All cut up, and in the dark


Kodak manufacturers photographic film in 6km rolls, which then have to be cut up. A classic cutting stock problem? No, there are practical factors which make it harder than that

by Robert Simons, Eudoxus Ltd

Kodak has over 80 manufacturing sites worldwide making products as diverse as dental X-ray film, 35mm photographic film, photographic paper and disposable cameras. With the exception of the cameras, Kodak manufactures its product in large rolls which are then cut up and packaged into finished products. This is the classic cutting stock problem.

Until recently Kodaks plants have used an assortment of computer systems with an essentially manual approach to the cutting stock problem. In 1995 Kodak began implementation of a single Enterprise Resource Planning (ERP) system to cover their operations worldwide. This was based around SAP R/3 with Manugistics supply-chain scheduling software. Some way into the project it became apparent that specialist software was required to tackle the cutting-stock problem and decide how the orders were actually to be cut from the large rolls. This software would sit between the ERP system and the shop floor systems and generate detailed instructions as to what to do next. On the strength of its expertise and its Deckle Bench product, Greycon was selected to provide the solution.

Diagram

System architecture

Greycons initial plan was to modify DeckleBench to tackle Kodaks problem. It soon became apparent, however, that Kodak had not one but six technically distinct problems and that special-purpose algorithms would have to be developed for each. Greycons experience led it to propose that the algorithms should not generate a single solution but a range of solutions from which the user could select the most appropriate and be able to modify it manually.

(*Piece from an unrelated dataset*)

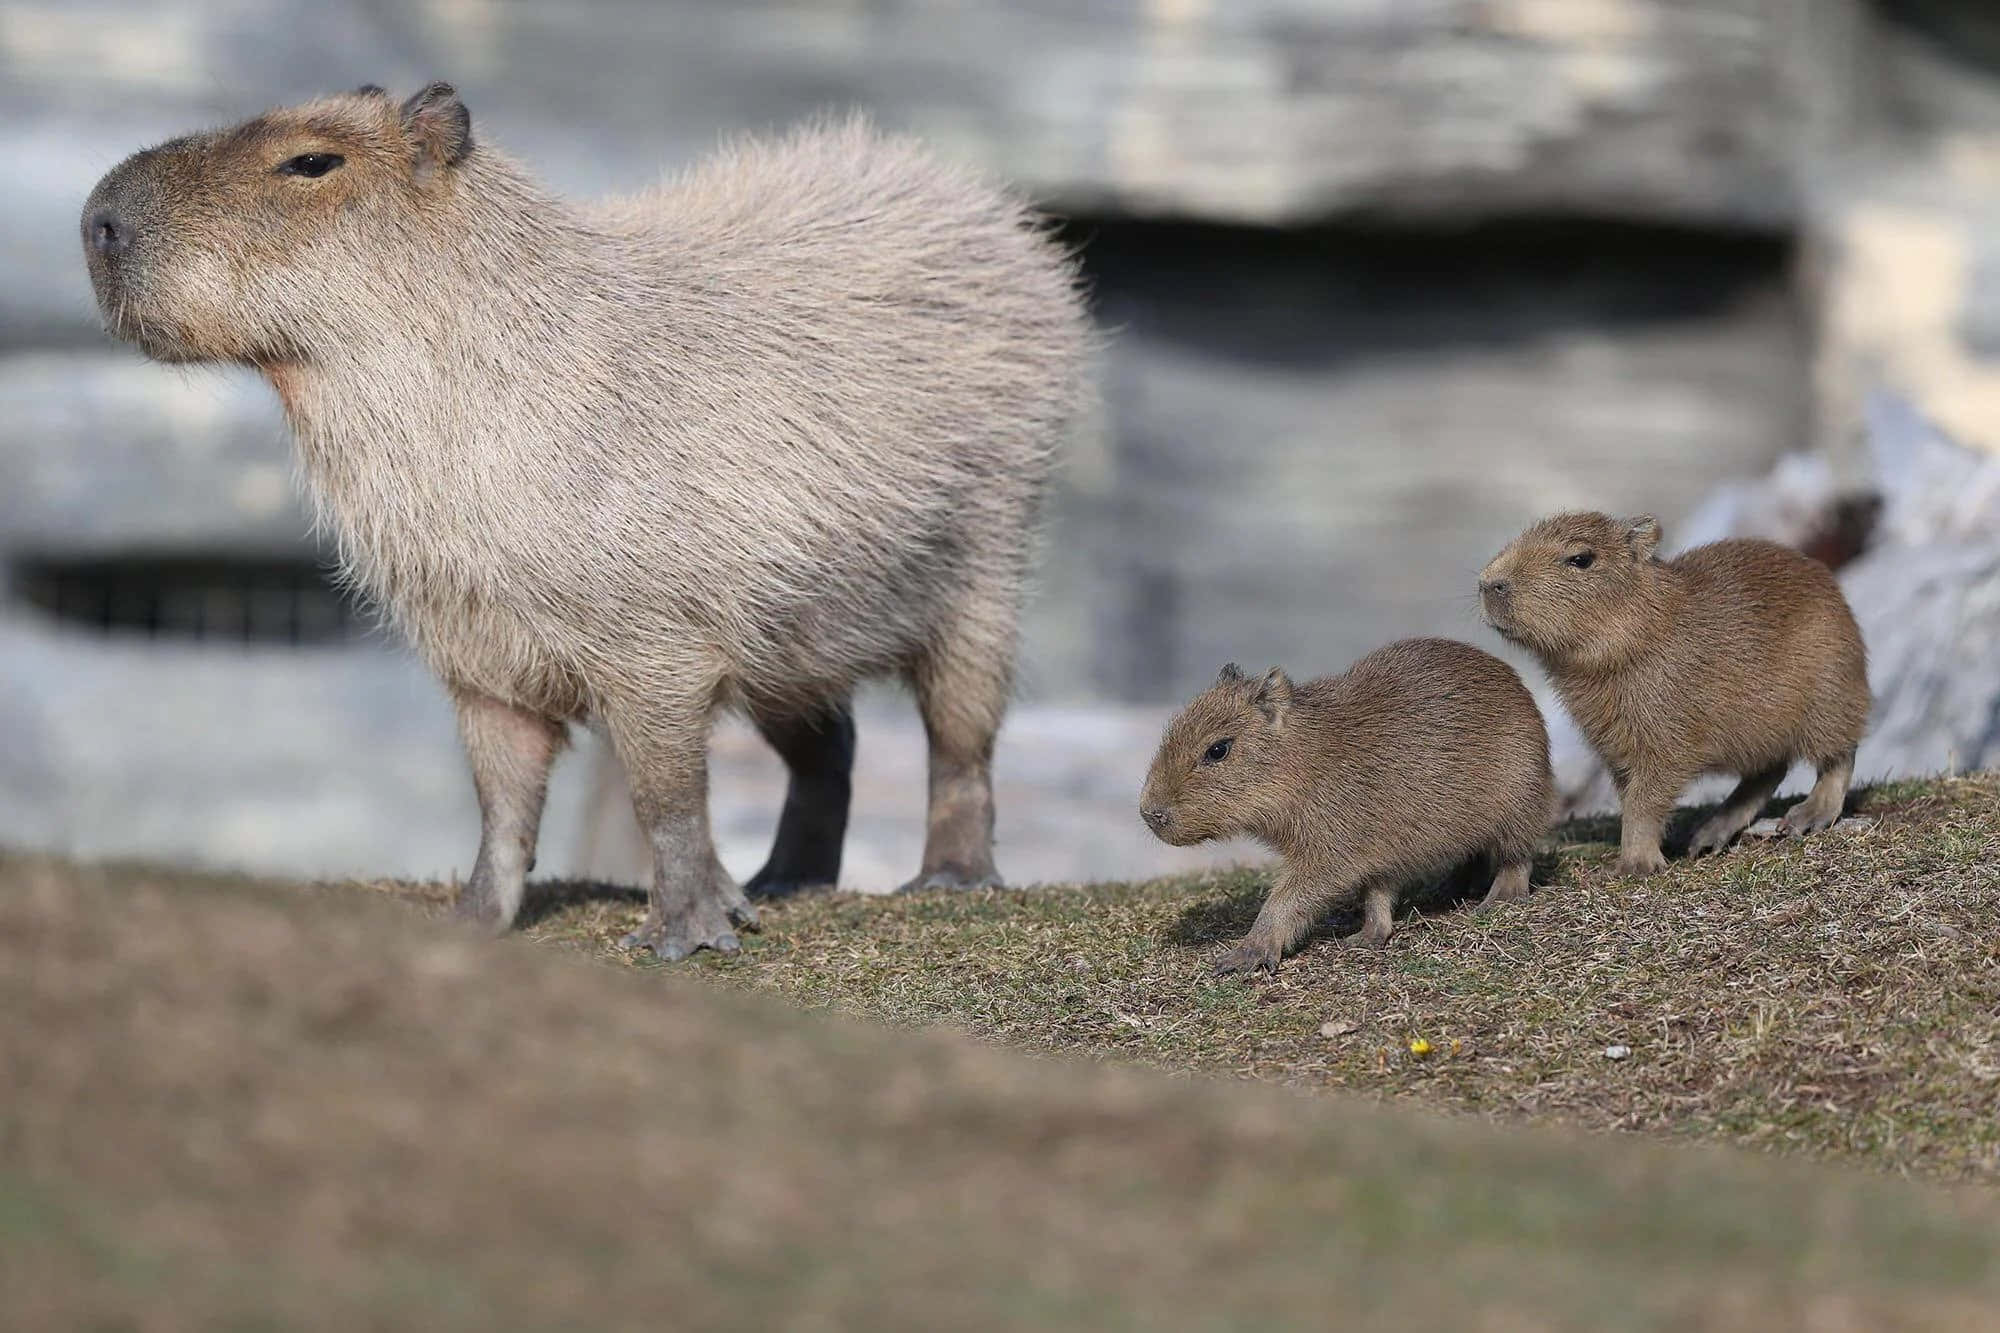 capybaras and their babies walking on a grassy field

An additional problem adviser module would assist by giving advice as to why a particular solution had been found and how to change the control parameters of the problem to achieve a solution closer to what was really wanted.

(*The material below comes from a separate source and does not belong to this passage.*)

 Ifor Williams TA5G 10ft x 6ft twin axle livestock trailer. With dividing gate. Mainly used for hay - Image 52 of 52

One challenge in designing the system was the variety of shop-floor systems with which it would have to interface. There was also concern about accessing the main SAP database directly. In order to provide a degree of systems independence, it was decided to adopt the architecture shown in Figure 1. A purpose-built database is used for the cutting-stock problems, into which data are loaded from SAP. The results pass to the shop-floor systems through another interface. The users interact with the system through a front-end to the database while the algorithms act as a back-end to the database.

Problem characteristics

In the paper industry most cutting-stock problems are tackled at the planning stage, i.e. before the material has been manufactured. This brings with it a number of simplifications:

  • all the large rolls are of equal length;
  • they are assumed to be of perfect quality;
  • one cutting pattern is used for each large roll.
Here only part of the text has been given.